**Required work:** Copy the lines below exactly, starting at the one with "Les huîtres en" and ending at the one with "NORWAY 1963", and leave out any picture.

**Records to use:**
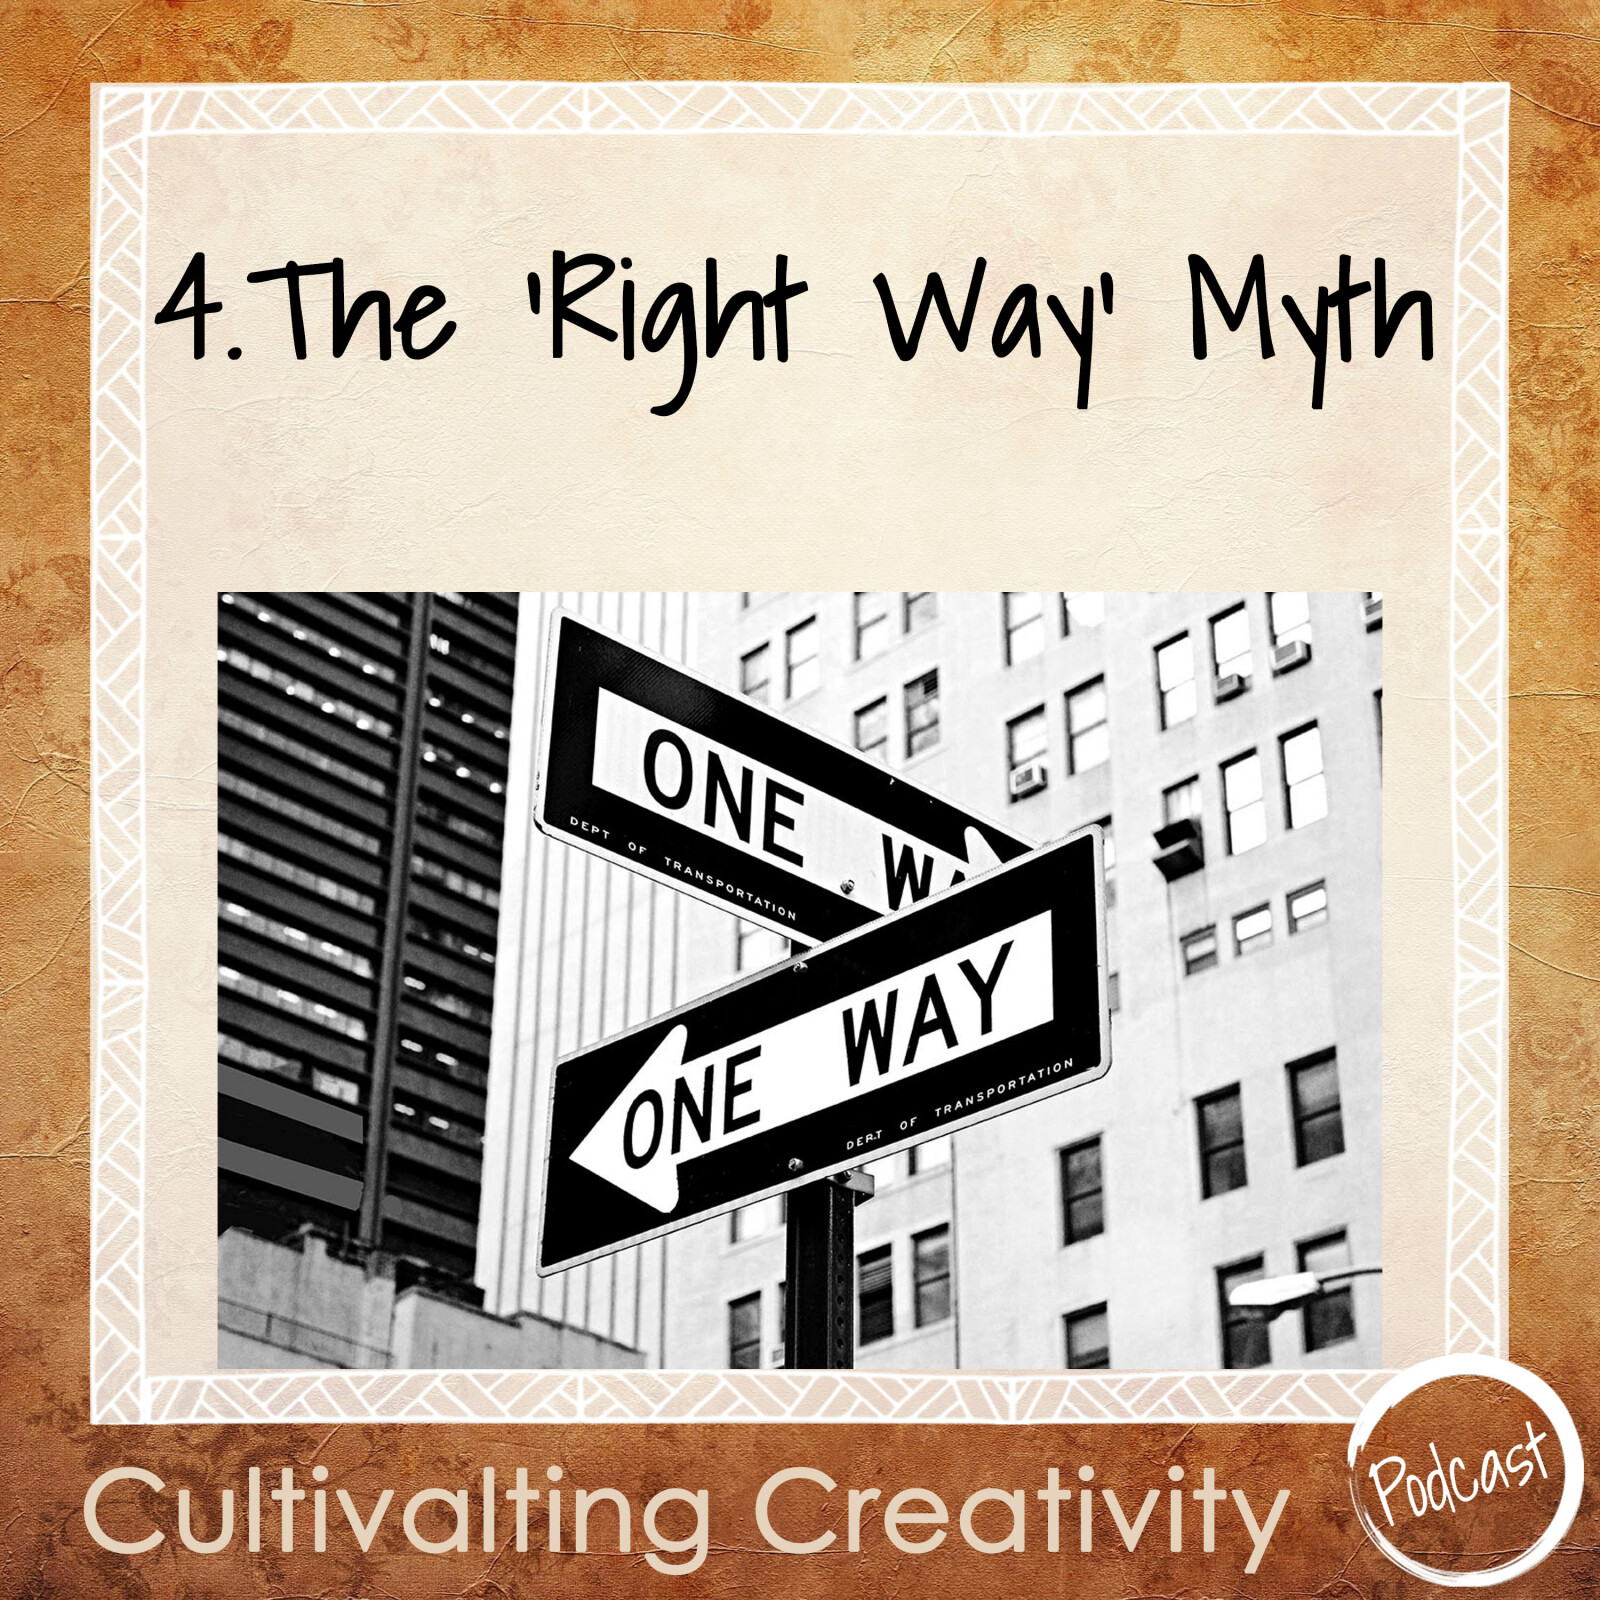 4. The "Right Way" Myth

---

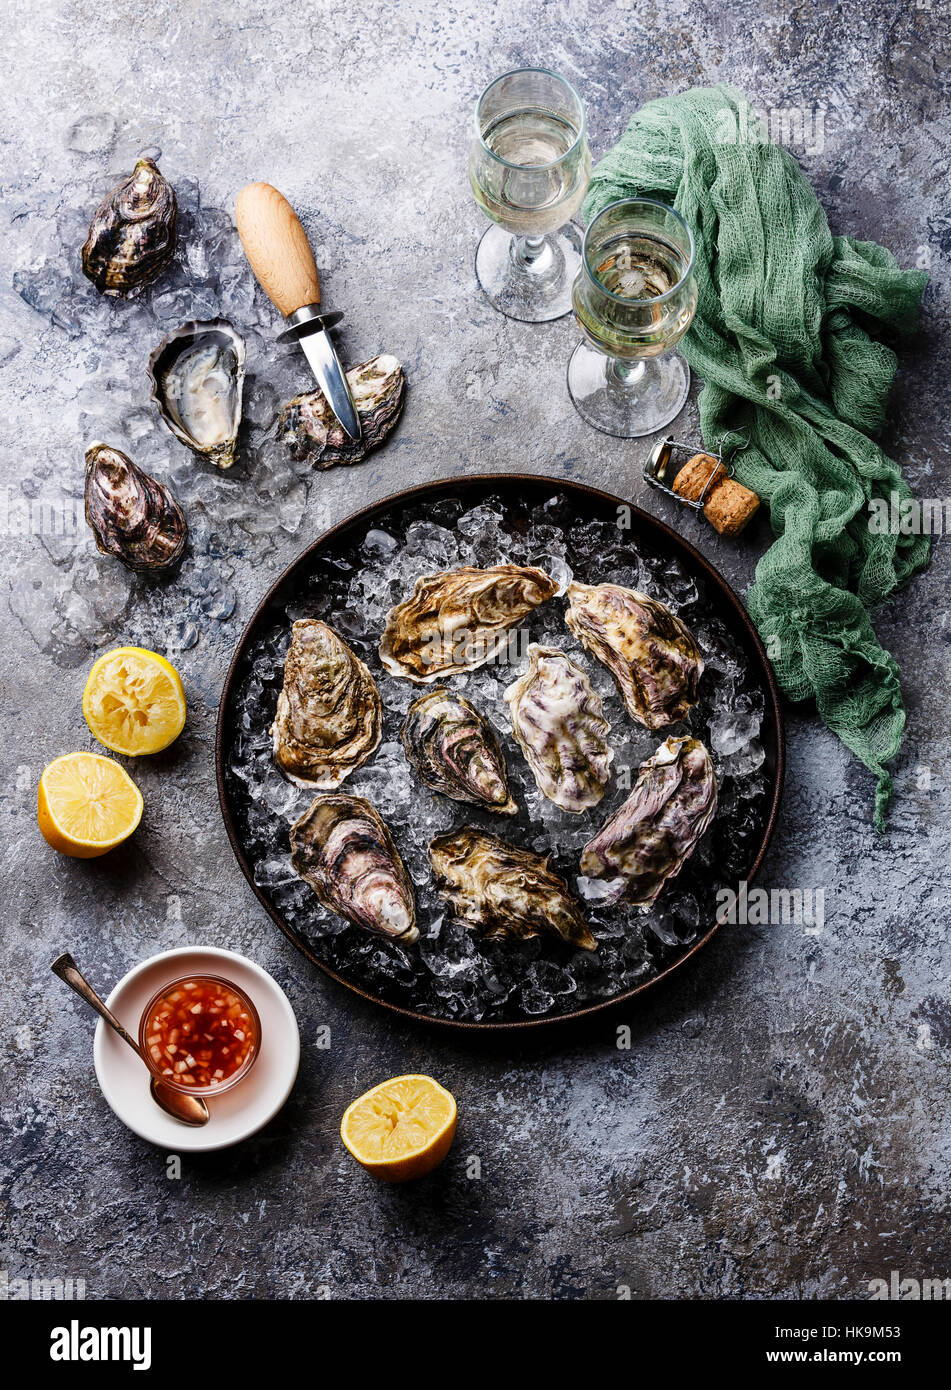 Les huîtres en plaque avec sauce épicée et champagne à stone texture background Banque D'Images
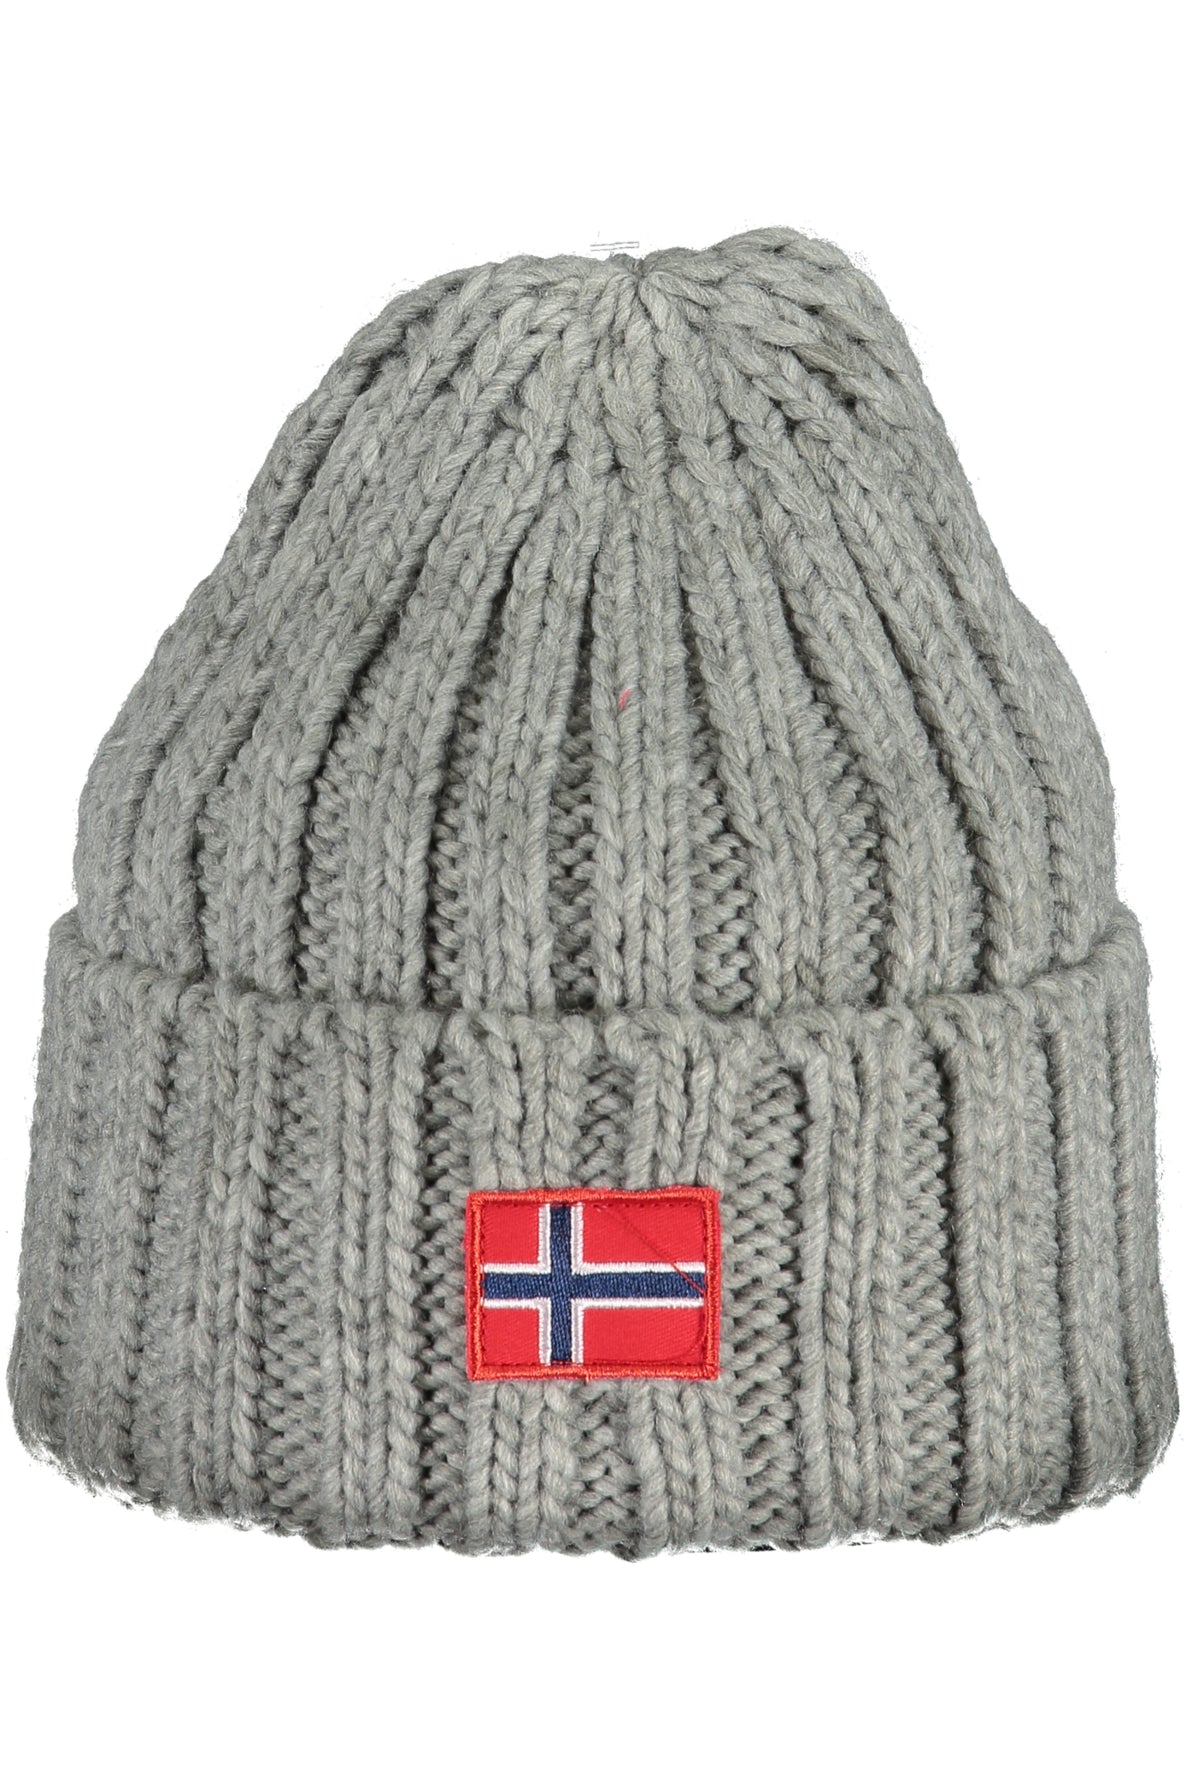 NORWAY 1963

* * *

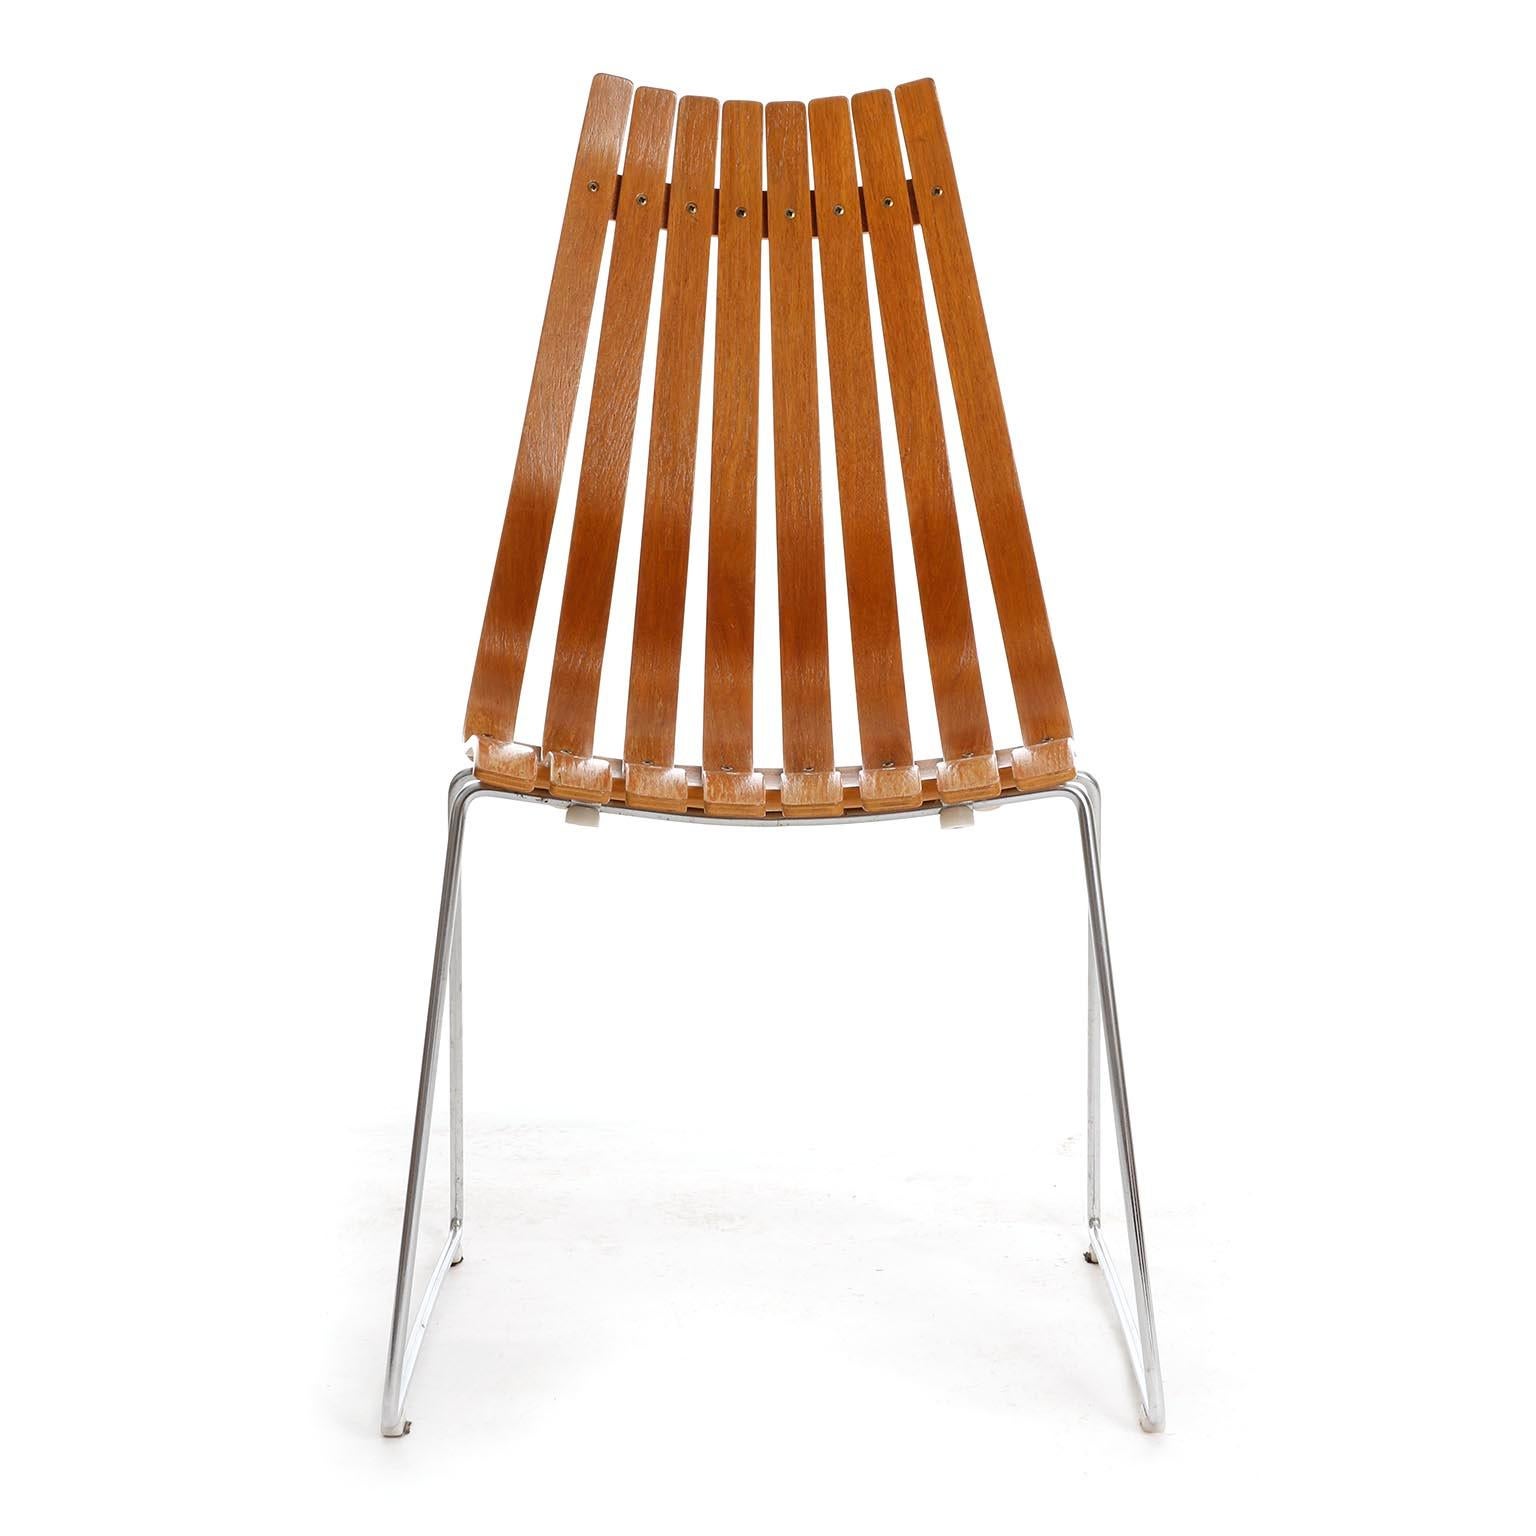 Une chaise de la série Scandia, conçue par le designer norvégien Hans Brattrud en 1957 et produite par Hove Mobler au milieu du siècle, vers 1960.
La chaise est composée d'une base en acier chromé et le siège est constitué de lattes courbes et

**Worked solution:**
 Les huîtres en plaque avec sauce épicée et champagne à stone texture background Banque D'Images
 NORWAY 1963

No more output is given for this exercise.